Fireball (ท้าชน pronounced "Tar Chon") is a 2009 Thai martial arts action film. The film directed by Thanakorn Pongsuwan combines Muay Thai and basketball.

==Plot==
Tai, a young man arrested on a crime charge, is discharged thanks to his twin brother Tan's dogged help. After being set free, he finds Tan in a coma with severe injuries. Tan's girlfriend, Pang, tells Tai that his brother got involved in some risky business to raise money to fight Tai's case. Tai feels guilty that his problems brought his brother trouble. He then traces what happened to Tan, which ultimately leads him into illegal basketball gambling. Tai wants to find out who is behind this gambling and why his brother was beaten unconscious. He finally joins the "Fireball" team, a team which belongs to Hia Den and whose players include Singha, Kay, Ik, and Muek.
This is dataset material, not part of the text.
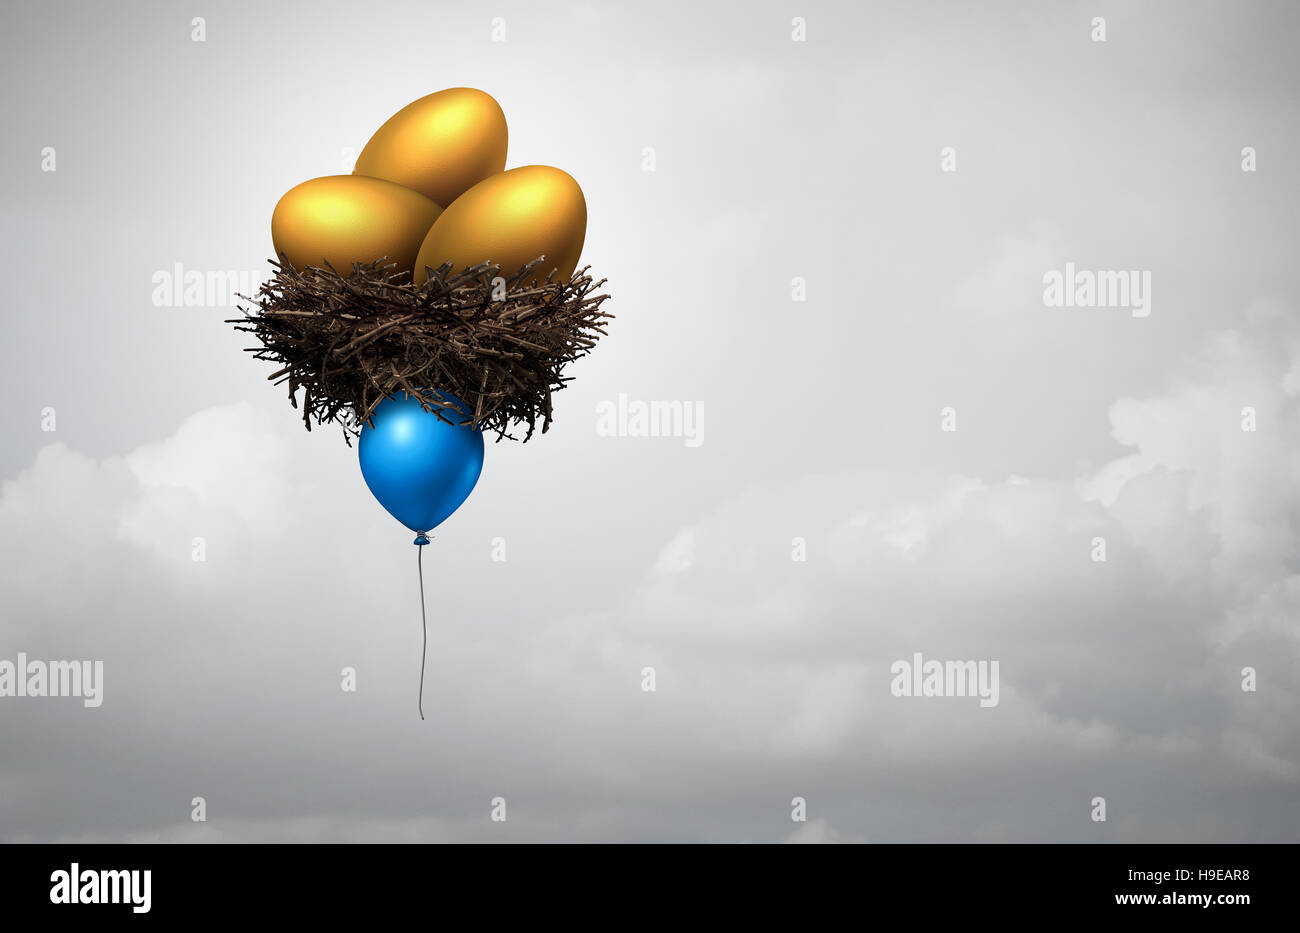 Asesoramiento en inversiones financieras concepto como un globo azul levantando un nido con huevos de oro como la banca o invertir la metáfora de fondo de jubilación o de riesgo i Foto de stock
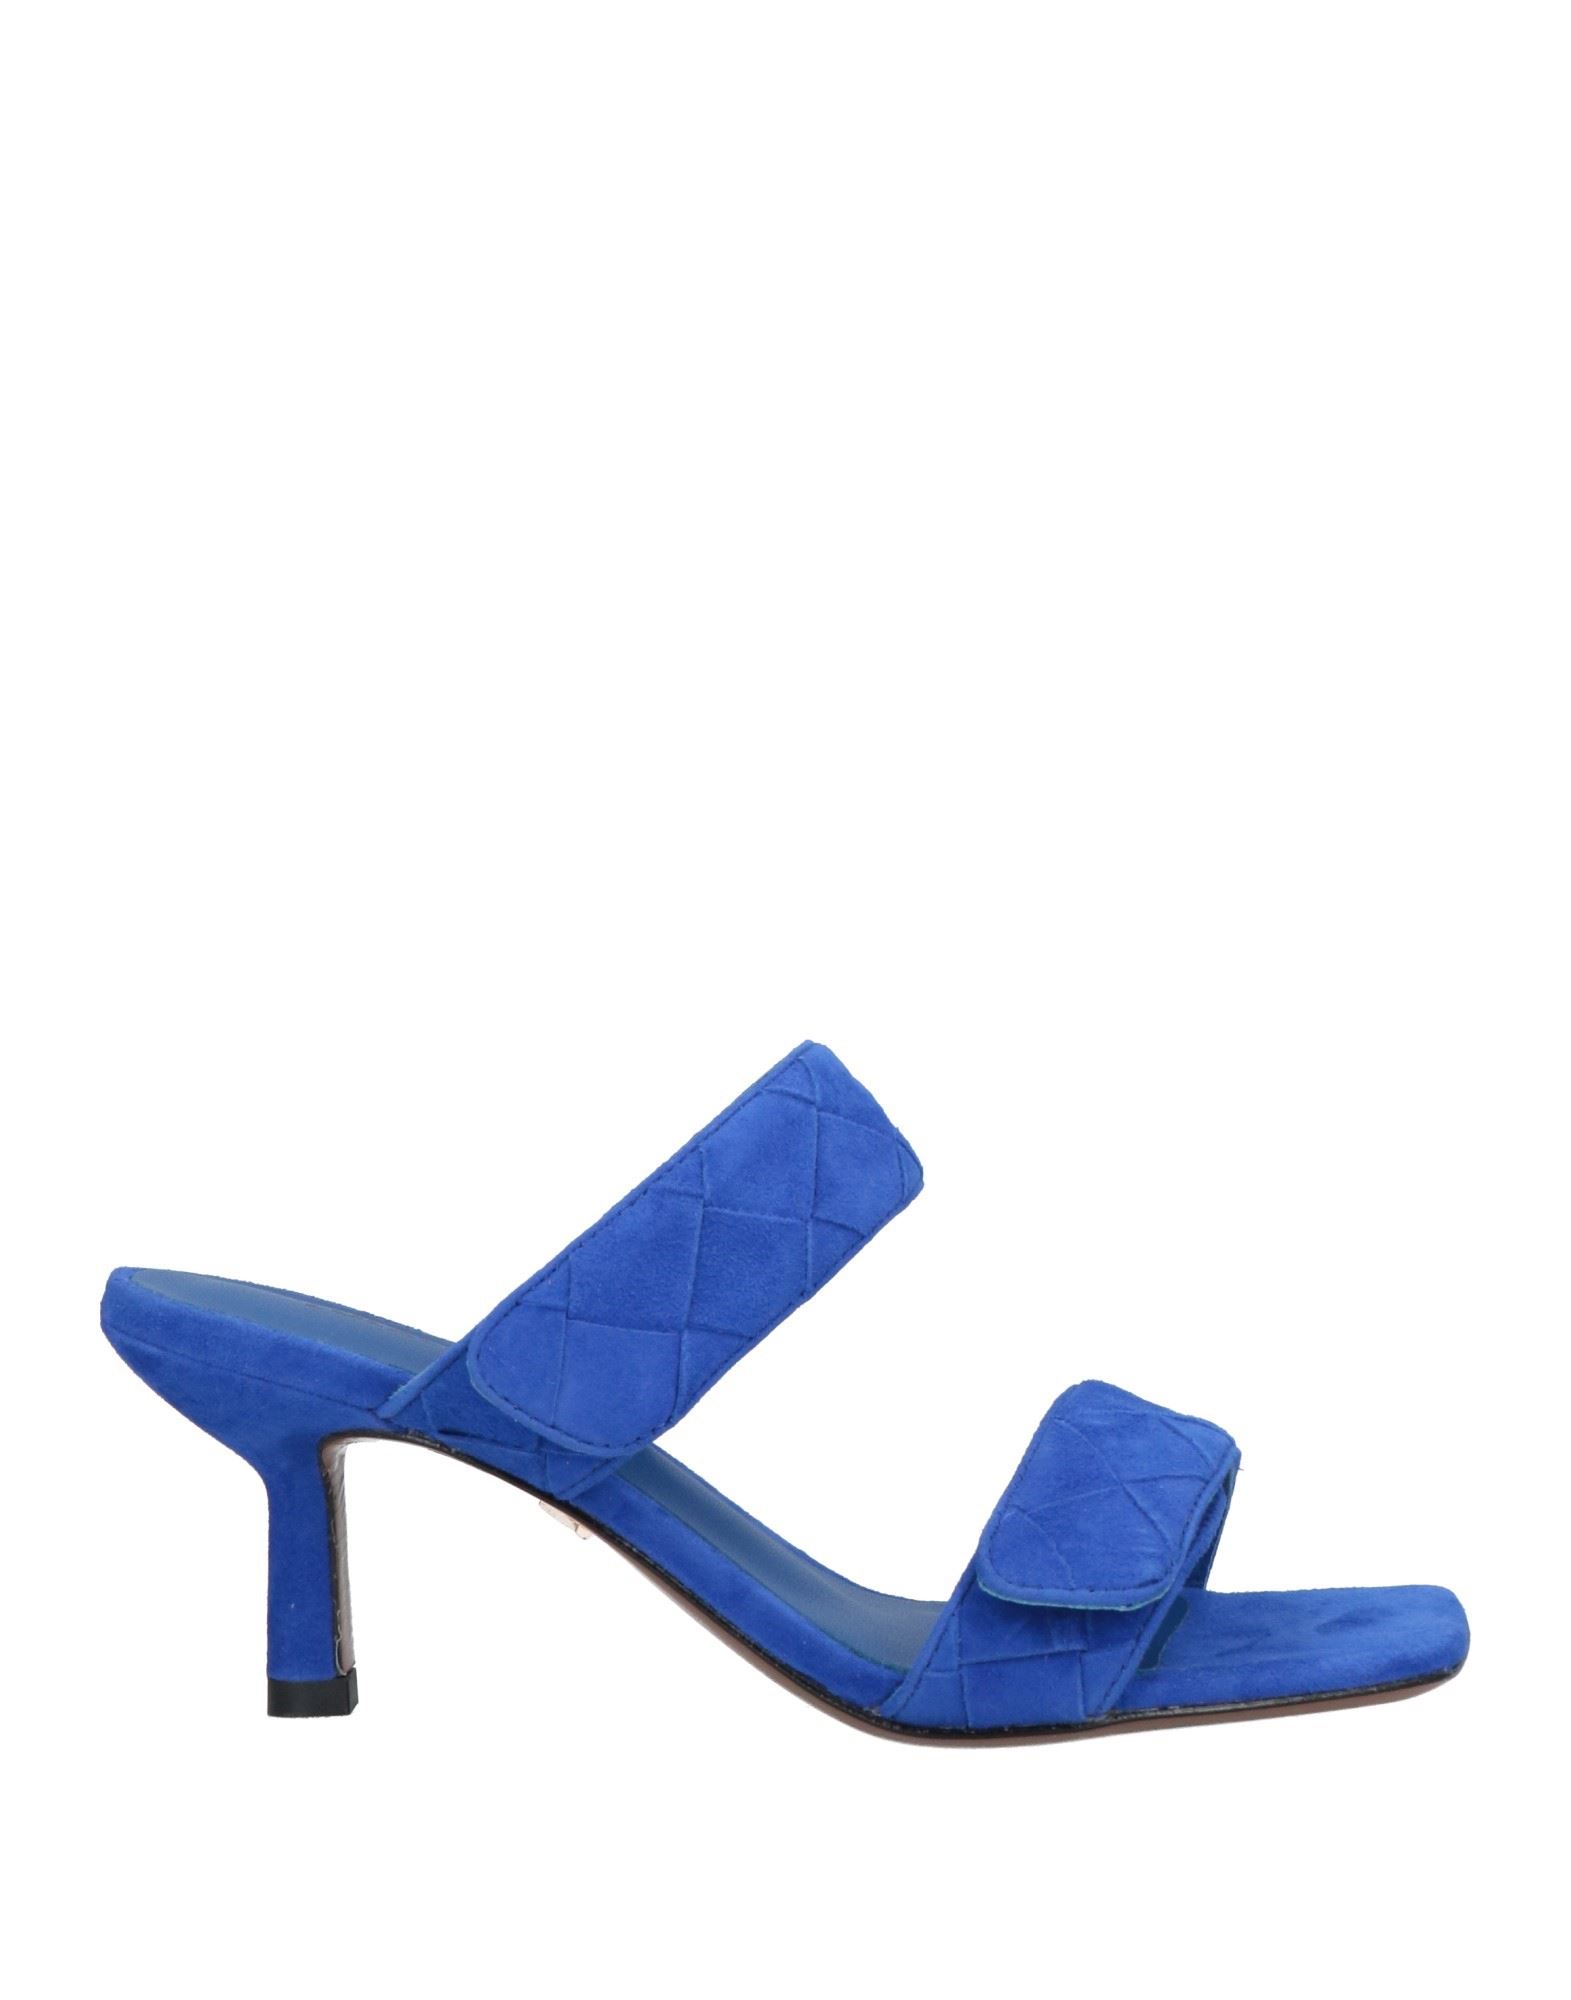 Lola Cruz Sandals In Blue

In order to uncover the truth, Tai trades many things-possibly even his life.

==Cast==

- Preeti Barameeanat as Tai - Tan
- Khanutra Chuchuaysuwan	 as Pang
- Kumpanat Oungsoongnern	 as Muk
- Phutharit Prombandal as Den
- 9 Million Sam	 as Zing
- Rattanaballang Tohssawat as Tun (credited as Arucha Tosawat)
- Kannut Samerjai-Yi

==Reception==
The film's director won the Guru Prize for Most Energetic Film at the Fant-Asia Film Festival, and was tied with Vampire Girl vs. Frankenstein Girl. The film received a mixed reception from film critics.